In this article, we’ll explain how STAR stress birefringence works, and how to evaluate the impact of stress birefringence using OpticStudio.
How STAR stress birefringence works
Required inputs for stress birefringence
Stress birefringence calculation requires two external inputs: stress FEA data files and stress-optical coefficients.
For stress FEA data files, nine columns in a tab-delimited format provide the stress tensor normal and shear components, with columns in the following order:
[X position, Y position, Z position, SX, SY, SZ, SXY, SYZ, SXZ].
The position units should be in mm while the stress tensor components units should be in MPa.
At the same time, the material catalog is being updated to include stress-optical coefficients. The AGF file can include stress birefringence material properties. Below the IT lines there will be a new BD line (BD for Birefringence Data). The line(s) in the AGF file look like this:
The coefficients data will be provided in the format as following, holding four values:
- Wavelength at which the Stress Optical Coefficient was measured (in micrometers)
- Stress Optical Coefficient K = K11-K12 (unit 10-6 mm²/N)

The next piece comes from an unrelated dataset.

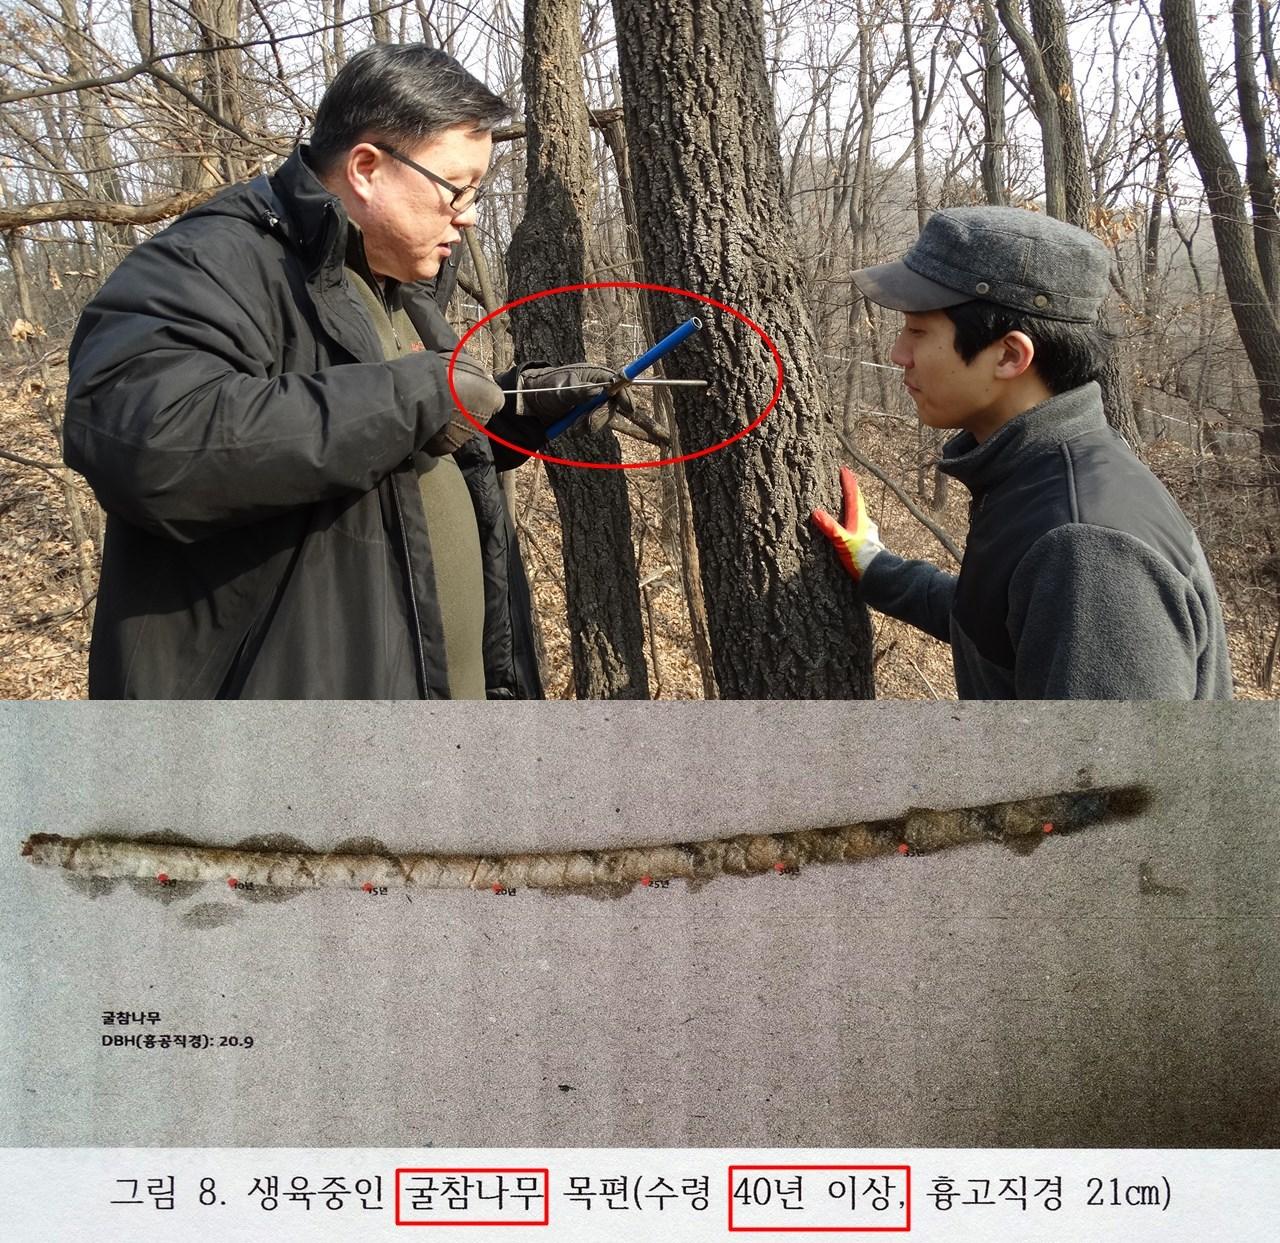 엄태원 교수는 정확한 녹지자연도 등급 조사를 위해 생장추를 통해 이 숲의 가장 표준적인 굵기의 나무의 나이테까지 정확히 조사했다. 생장추를 통한 나이테 조사에서도 21cm에 불과한 굴참나무가 40년이 넘었음을 확인했다.

- -K11 photoelastic coefficient for light oscillating parallel to the direction of stress (unit 10-6 mm²/N)
- -K12 photoelastic coefficient for light oscillating perpendicular to the direction of stress (unit 10-6 mm²/N)
For stress birefringence simulation, both stress-optical coefficients K11 and K12 are required. If stress-optical coefficients are defined for a single wavelength, the model considers them to be constant across the spectral range. If the coefficients are defined for more than a wavelength, then an interpolation is made to consider the variation across the spectrum.
STAR stress birefringence workflow
When external inputs have been well prepared, you can use functions under the STAR tab to simulate and analyse the stress birefringence effects:
Multiphysics Data Viewer can be used to view the FEA stress datasets and verify the correct file before assigning it to an optical surface and performing a numeric fit. Through changing the settings, normal and shear stresses can be checked separately.
Next, through Multiphysics Data Loader, you can import stress datasets and assign them to optical surfaces. Once you have verified that the datasets are all aligned, click OK (Fit Multiphysics Data), then the fitting is done.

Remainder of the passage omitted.